= Howard Emery Wright =

Howard Emery Wright (1908–1988) was an African-American social psychologist and educator. He served as President of Allen University, in the U.S. Office of Education, and as Director of the Division of Social Sciences at The Hampton Institute. He studied attitudinal testing.

==Early life==

Wright was born in 1908 in Philadelphia to William and Evelyn Wright. He attended elementary school in Washington D.C. He was a graduate of Atlantic City High School in New Jersey.

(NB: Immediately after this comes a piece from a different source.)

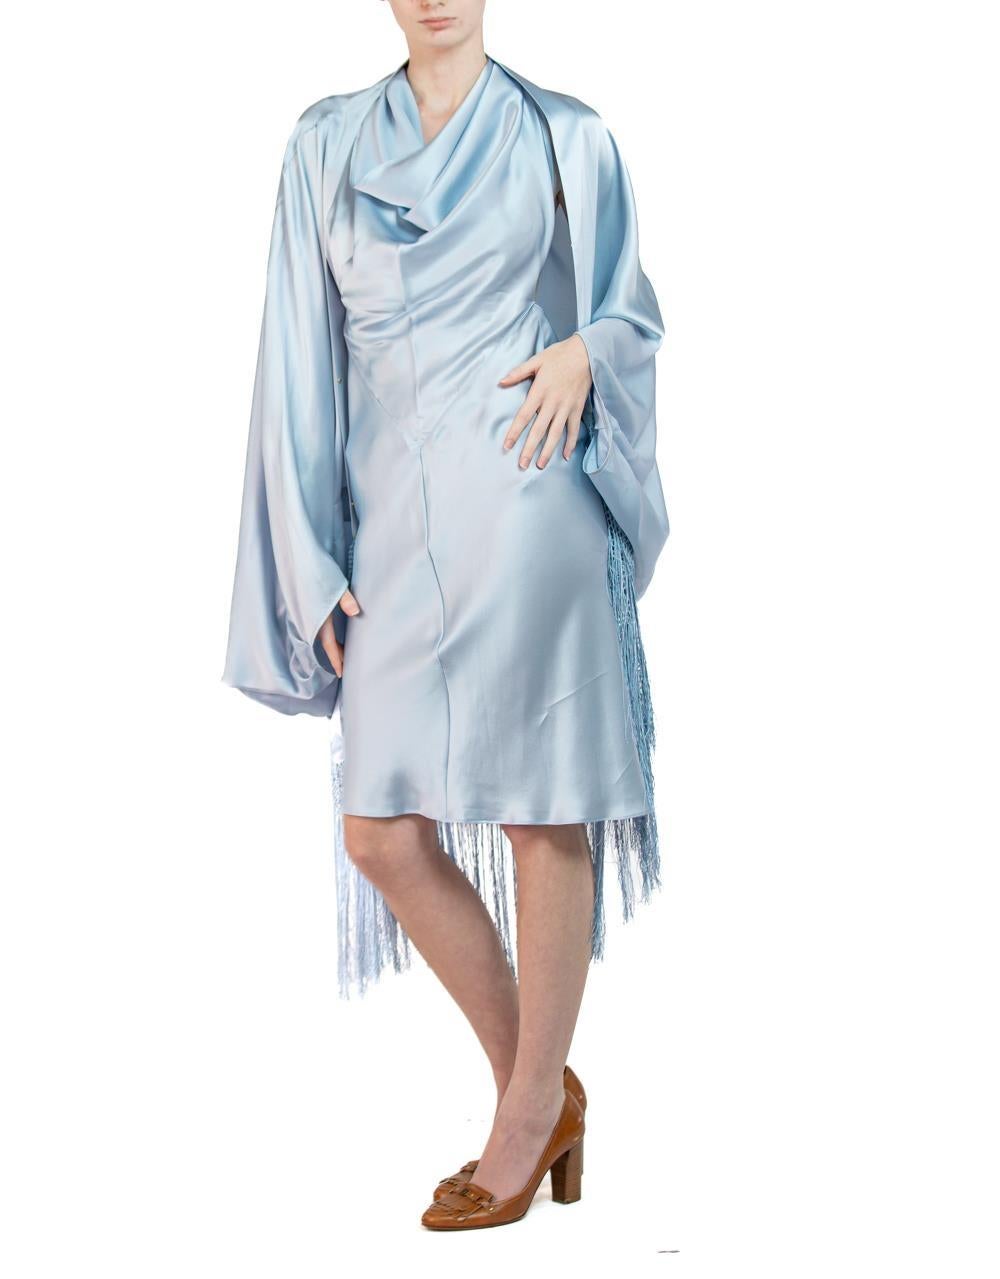 MORPHEW COLLECTION Ice Blue Silk Charmeuse Sagittarius Dress For Sale 5

==Undergraduate and graduate years==
Wright received a bachelor's degree from Lincoln University in Pennsylvania in 1932. He received a master's degree from Ohio State University in 1933, with a thesis on attitudinal testing. He received a PhD in psychology at Ohio State University in 1946.

==Careers==
Wright became principal of the Campus Laboratory School at Albany State College in Georgia at age twenty five until 1934. He was principal at Aracoma High School in West Virginia (1936 to 1939). At the Campus Laboratory School at Prairie View College in Texas he was principal from 1940 to 1945, where he also held positions as associate professor of education and director of teacher training. He was teacher assistant at Ohio State University. At North Carolina College in Durham he was chairman in the psychology department (1945–1948). When he left there he became chairman of education at Southern University until 1953. He became president of Allen University in South Carolina in 1961. In Washington, D.C. wright became regional director of Community Action Programs for the Office of Opportunity, and branch chief of a division of the U.S. Office of Education. He was dean at Maryland State College in 1967. In 1972, Wright became the Director of the Division of Social Sciences at The Hampton Institute.

==Membership==
Wright was a board member of the Home for Dependent Children, Child Guidance Clinic, Advisory committee to Civil rights, and Vice president of Victory Savings Bank.